Woman trashes store after EBT card/ food stamps refused.
Imagine what it will be like when all the cards quit working.


----------



## camo2460 (Feb 10, 2013)

Just another example of the "Entitlement Syndrome". She needed her greasy Butt stomped into the floor real bad.


----------



## readytogo (Apr 6, 2013)

Send her or it to Cuba and see how she/it likes living without water or regular food or toilet paper for some time ,things like her belong in a glass cage at the Smithsonian Zoo.


----------



## camo2460 (Feb 10, 2013)

readytogo said:


> Send her or it to Cuba and see how she/it likes living without water or regular food or toilet paper for some time ,things like her belong in a glass cage at the Smithsonian Zoo.


RTG shame on you. Why would you wish to defile such an Historical Landmark by piling that Dung Heap in it? The place to send her is to India where she can be worshiped like the Cow that she is!


----------



## UncleJoe (Jan 11, 2009)

LastOutlaw said:


> Woman trashes store after EBT card/ food stamps refused.


Negative!

The garbage peddlers that they are, Infowars took this video from YouTube and reposted it on their site with a new title. It's from last July and the woman was annoyed that she couldn't get her "skittles" candy because the convenience store was sold out.

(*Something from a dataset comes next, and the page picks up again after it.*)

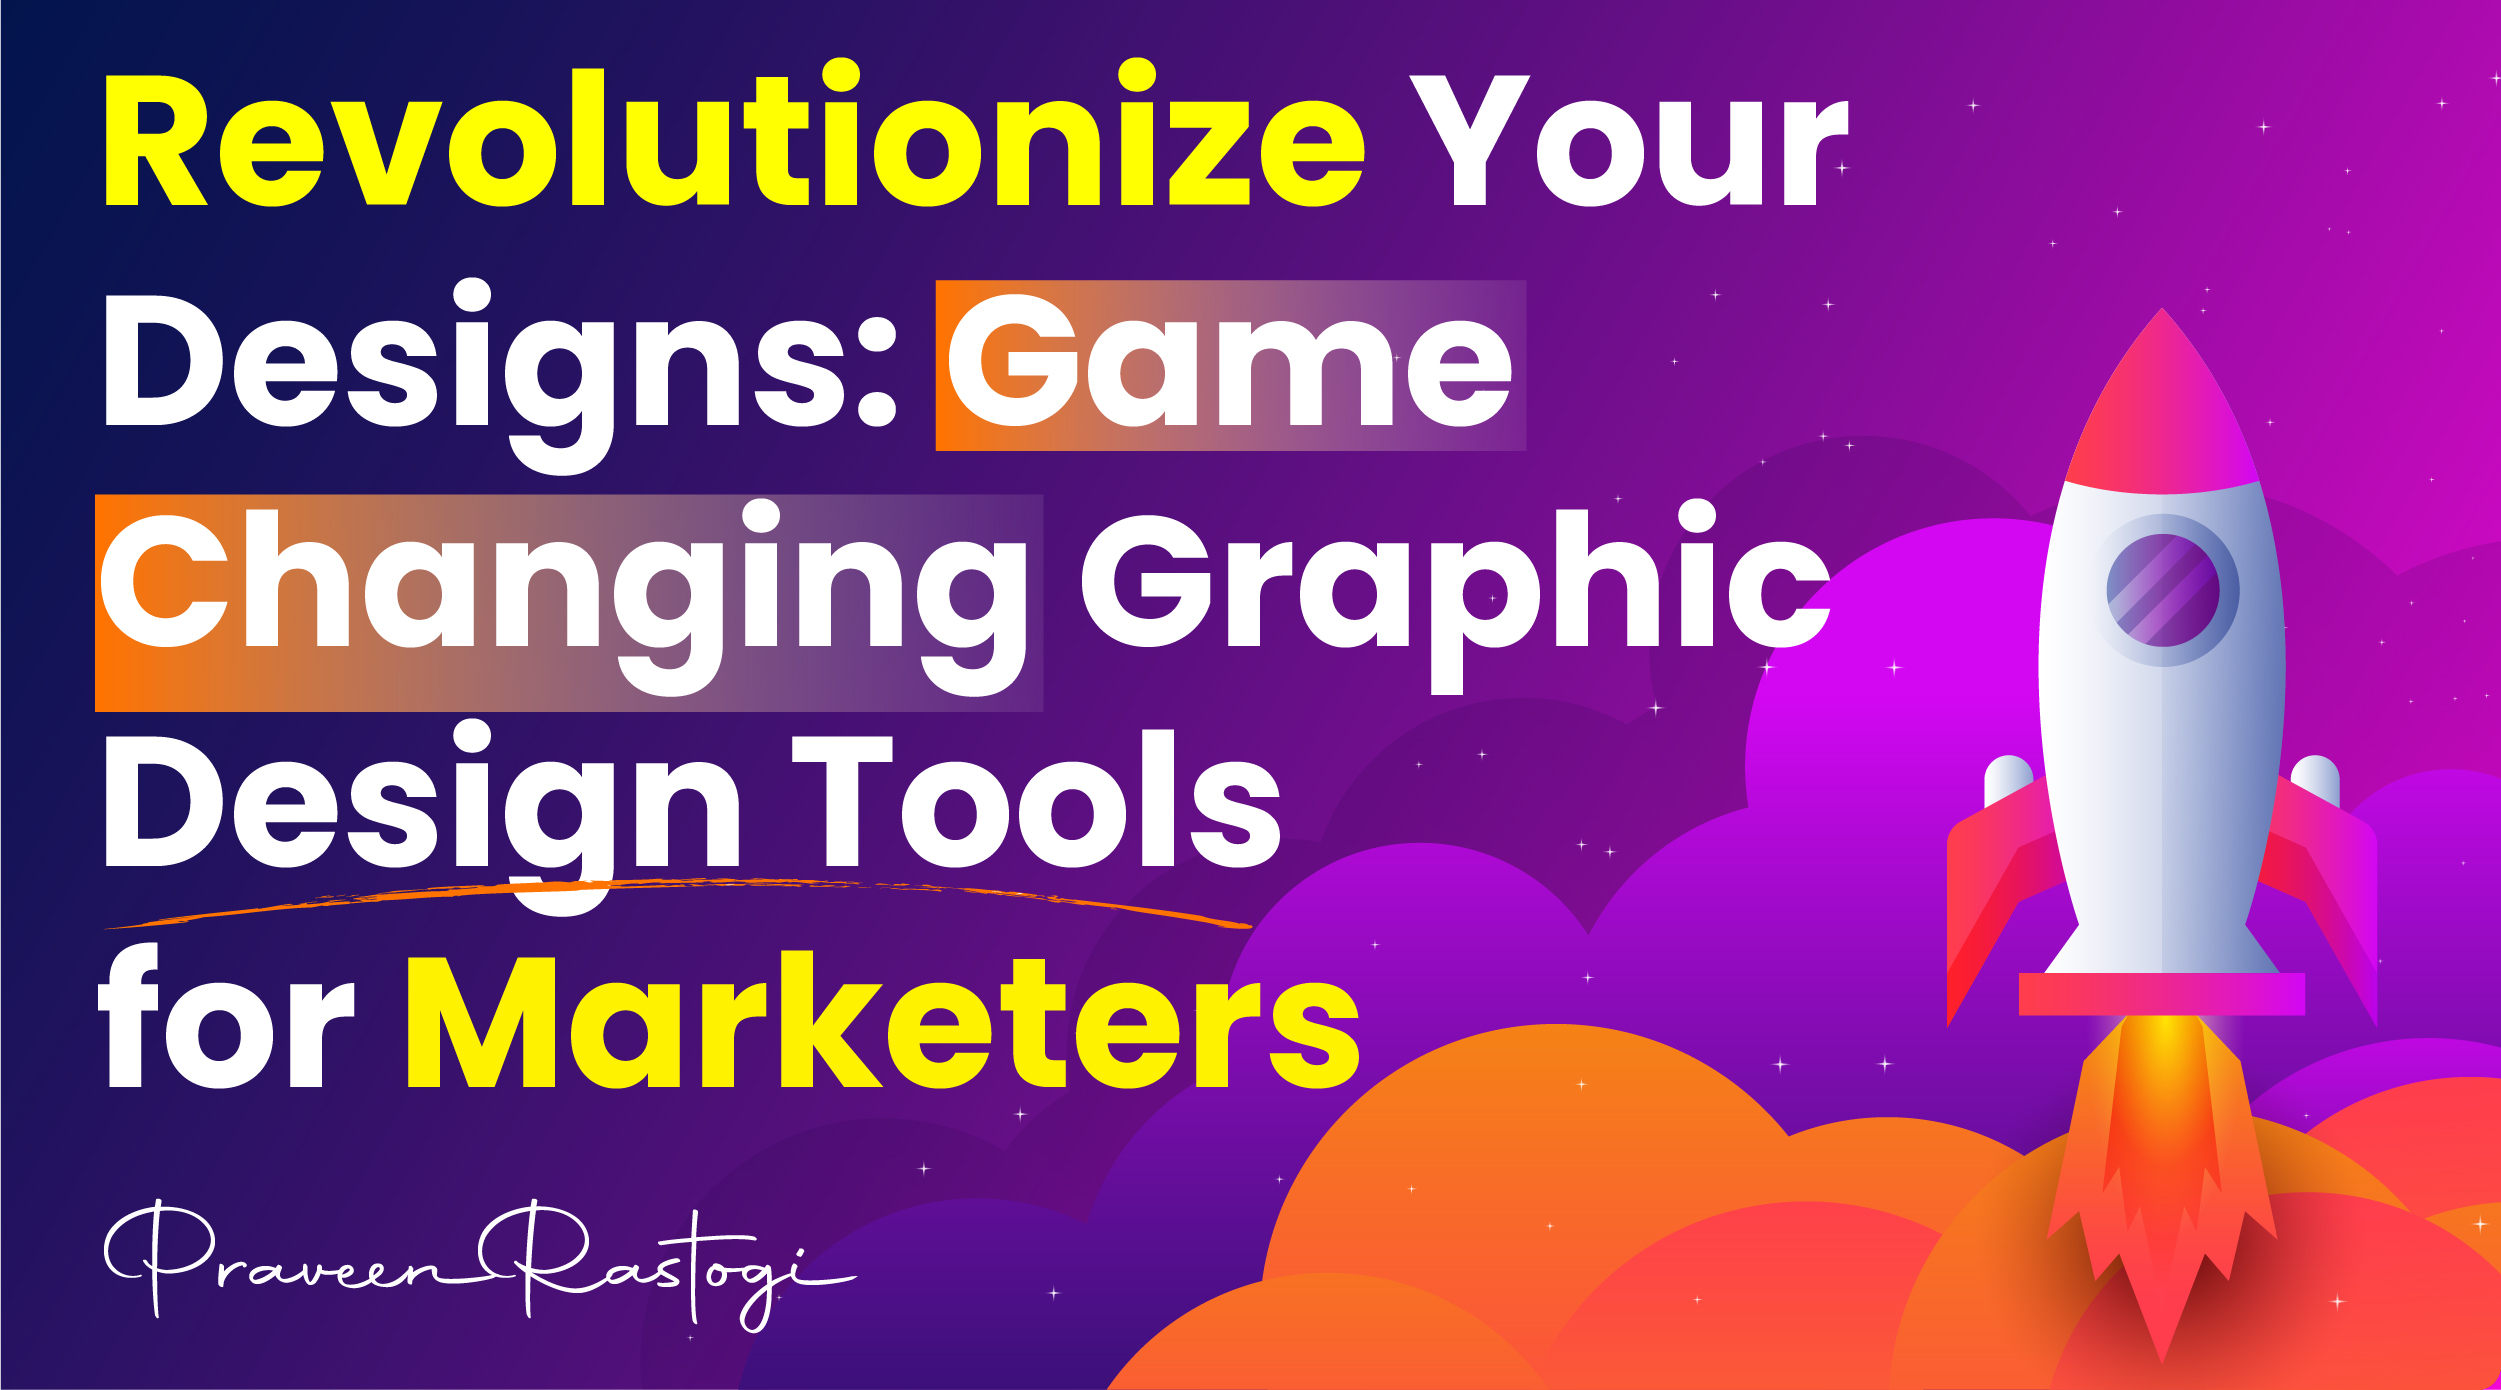 Revolutionize Your Designs Game Changing Graphic Design Tools for Marketers Linkedi

Exact same video only a year later and a different title.

Believe very little of what you hear or see on Infowars. They are the tabloids of the cyber world


----------



## tmttactical (Nov 23, 2015)

UncleJoe said:


> Negative!
> 
> The garbage peddlers that they are, Infowars took this video from YouTube and reposted it on their site with a new title. It's from last July and the woman was annoyed that she couldn't get her "skittles" candy because the convenience store was sold out.
> 
> ...


Thank you for the info. I try and avoid those types of sites.


----------



## hiwall (Jun 15, 2012)

As is often the problem is the video or article will get picked up by other sites and spread around the internet until it gets hard to find the original source.


----------



## UncleJoe (Jan 11, 2009)

hiwall said:


> As is often the problem is the video or article will get picked up by other sites and spread around the internet until it gets hard to find the original source.

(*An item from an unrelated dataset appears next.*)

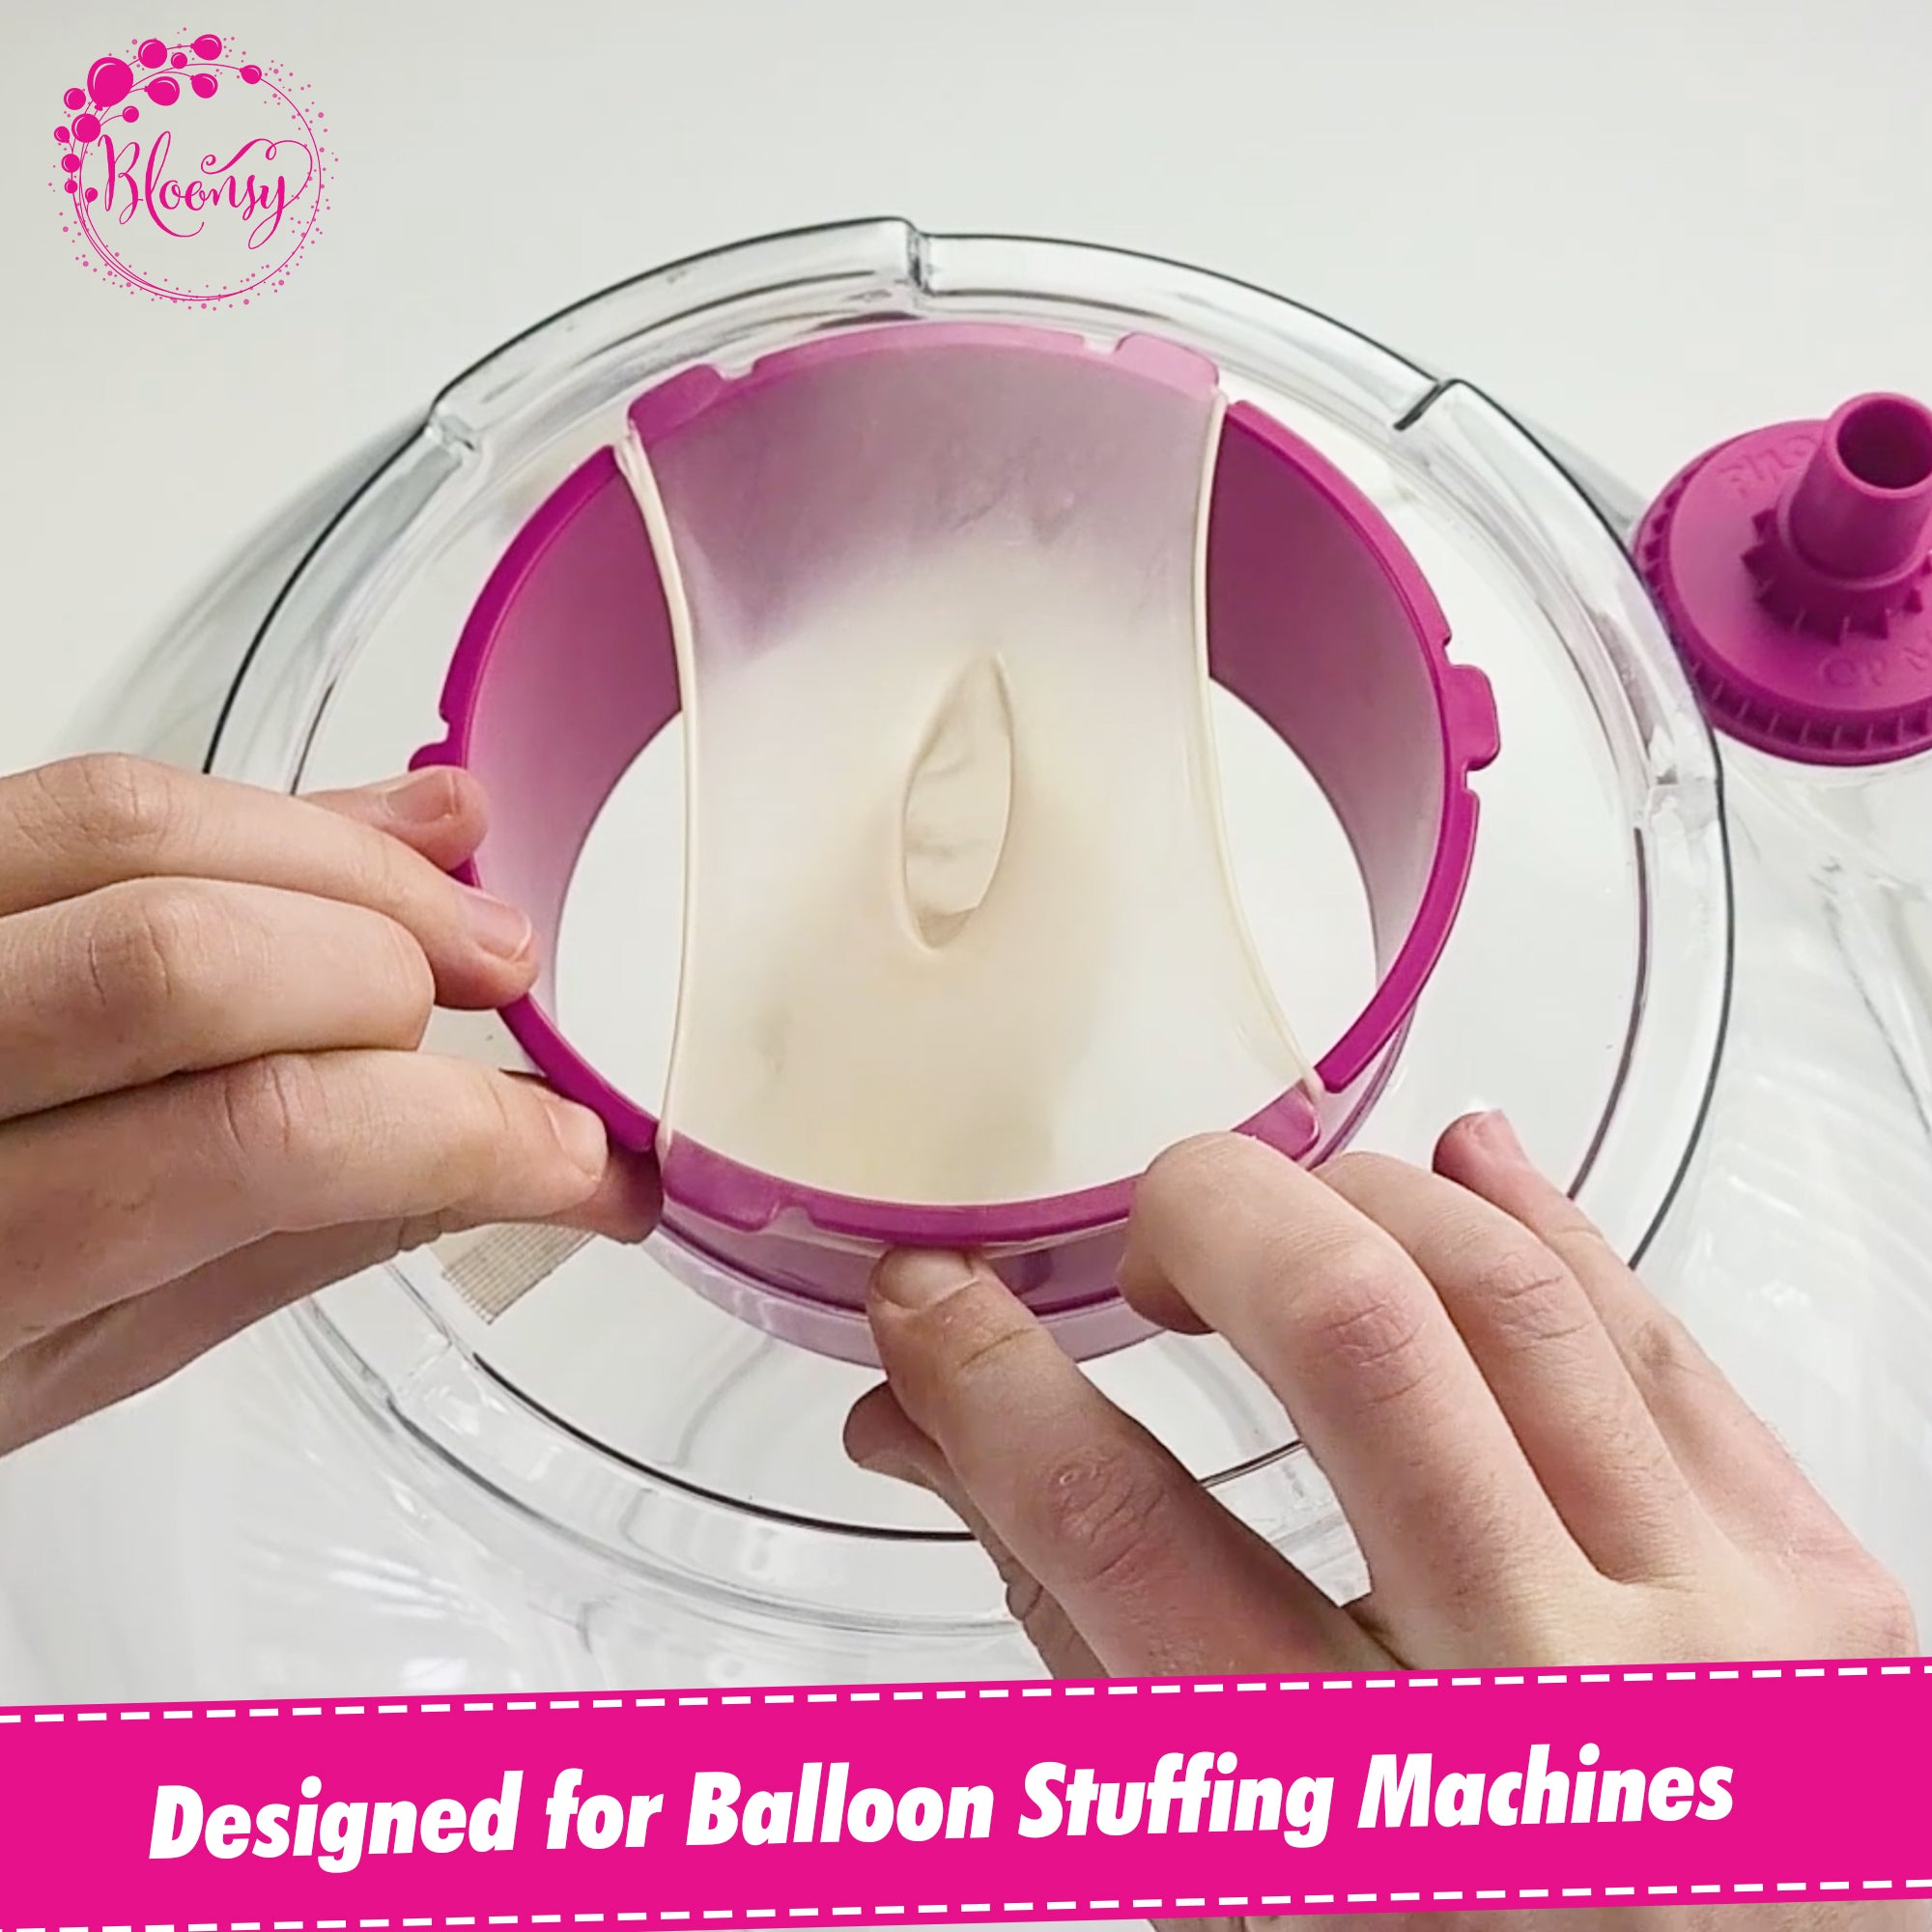 How to use Bloonsy Balloon Stuffing Machine? - Clear bobo balloons

You're right about that. I remembered seeing this vid but couldn't remember the circumstances. It took me a little while to find it.


----------



## Caribou (Aug 18, 2012)

UncleJoe said:


> Negative!
> 
> The garbage peddlers that they are, Infowars took this video from YouTube and reposted it on their site with a new title. It's from last July and the woman was annoyed that she couldn't get her "skittles" candy because the convenience store was sold out.
> 
> ...


Interesting, and it sort of makes sense. Skittles, a certain cough syrup, and a third common item that escapes me right now are combined to make a high. While it makes you high it eventually makes you violent. Treyvon Martin had just been to the store to buy skittles and another of the three items when he attacked Zimmerman.


----------



## Grimm (Sep 5, 2012)

Caribou said:


> Interesting, and it sort of makes sense. Skittles, a certain cough syrup, and a third common item that escapes me right now are combined to make a high. While it makes you high it eventually makes you violent. Treyvon Martin had just been to the store to buy skittles and another of the three items when he attacked Zimmerman.

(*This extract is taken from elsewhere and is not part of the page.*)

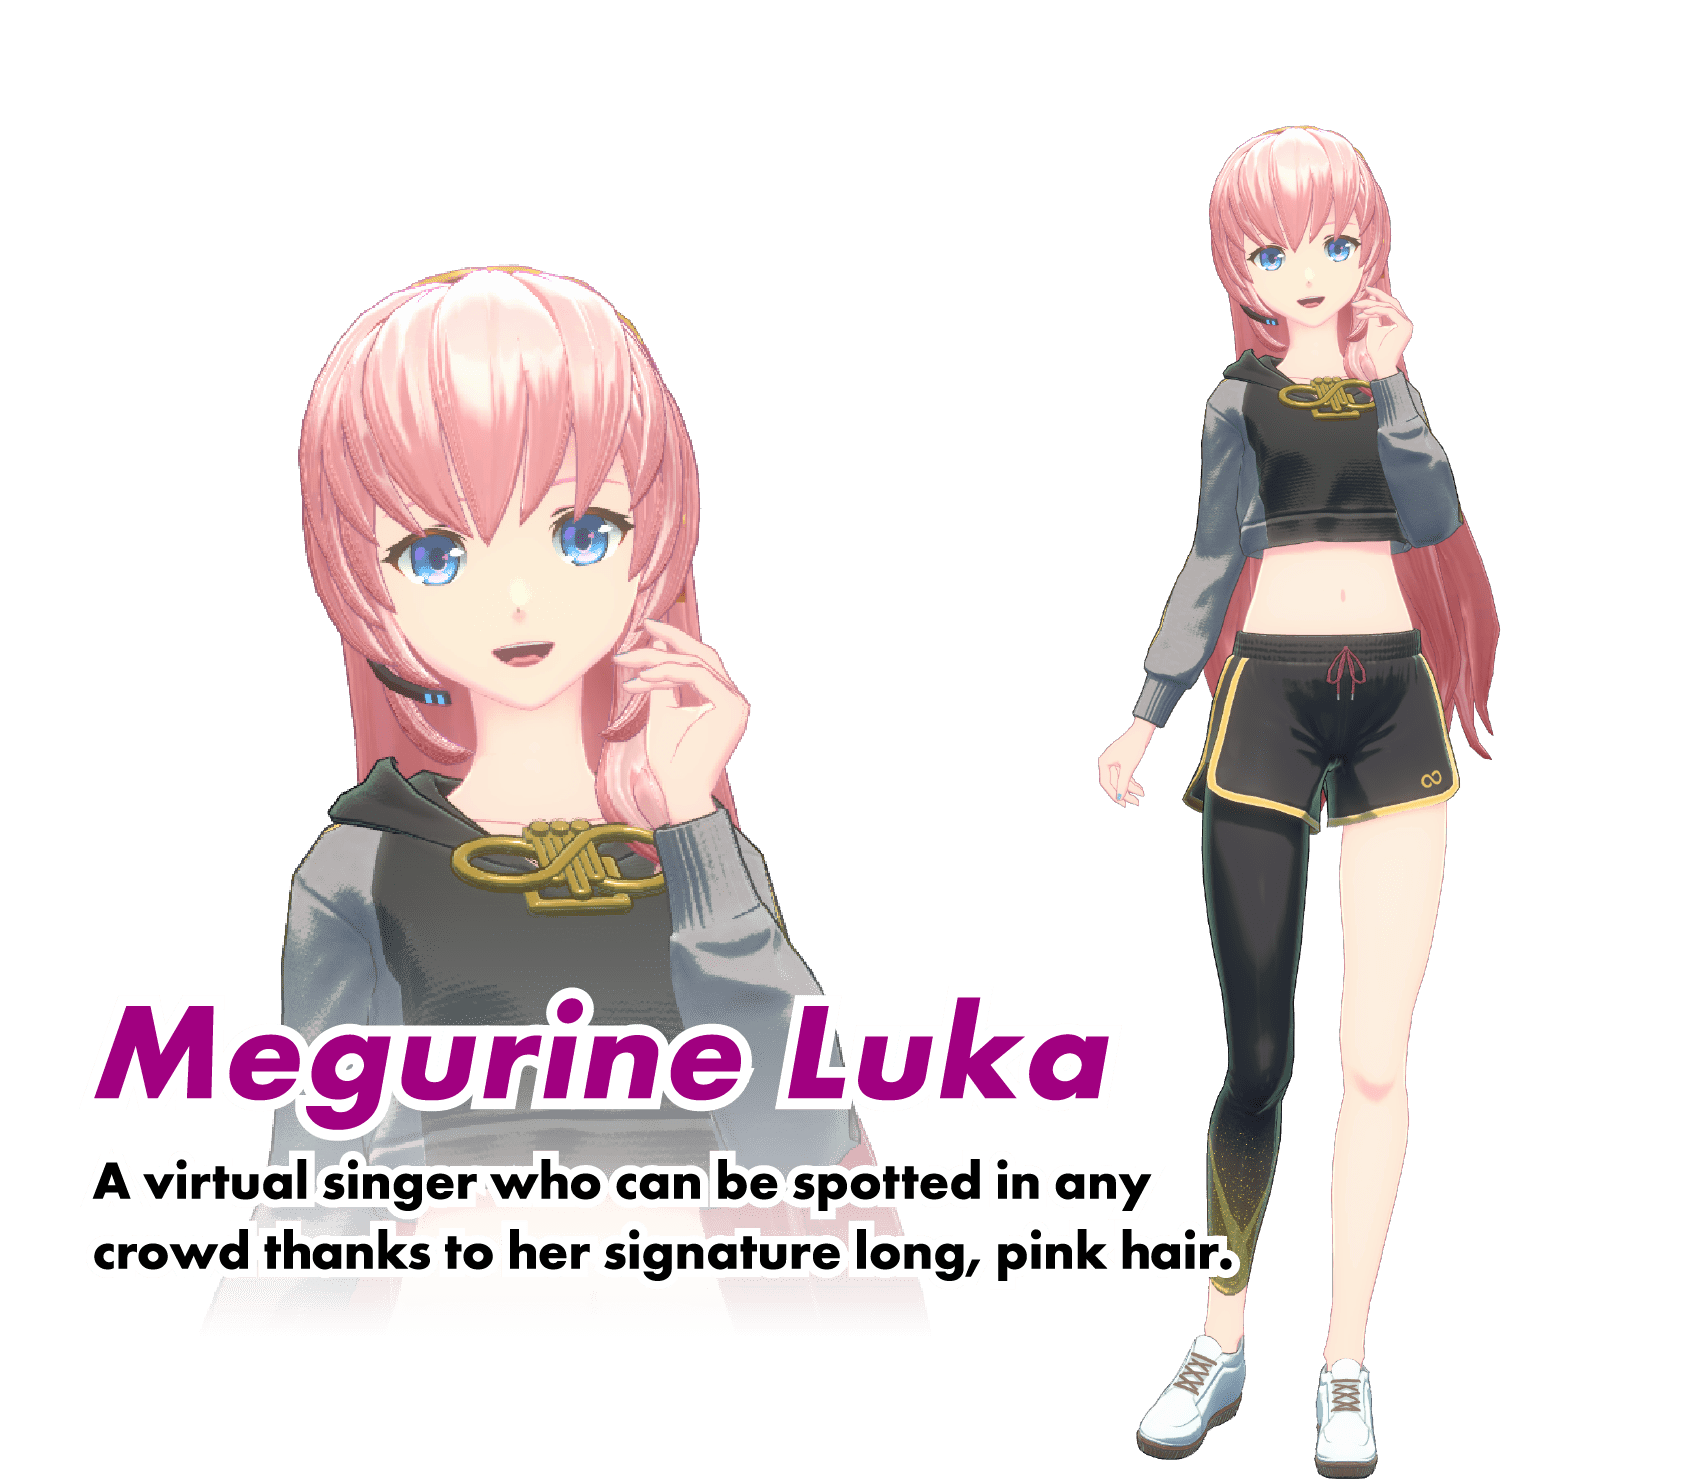 Megurine Luka:A virtual singer who can be spotted in any crowd thanks to her signature long, pink hair.

Treyvon bought Skittles and Arizona Watermelon Fruit Cocktail.


----------



## AuntB (Nov 24, 2015)

Whatever the headline, I am disgusted that an adult would behave like this in public. Years ago she would have been shamed by town folk for acting this way. People no longer strive for respect so IMO we get incidents like this.


----------



## FrankW (Mar 10, 2012)

Even if it was due to no skittles, it is obvious the conclusion is the same...


----------



## Sentry18 (Aug 5, 2012)

UncleJoe said:


> Believe very little of what you hear or see on Infowars. They are the tabloids of the cyber world


Infowars, Huff Po, CNN, Fox News, MSNBC, etc., etc., etc. they are all the tabloids of the cyber world.


----------



## BillS (May 30, 2011)

Alex Jones tells lies on his show. I once heard him say that American soldiers committed widespread atrocities against civilians in Iraq and that Rush Limbaugh said it was OK because they were just blowing off steam. Both were lies. I don't listen to him anymore.


----------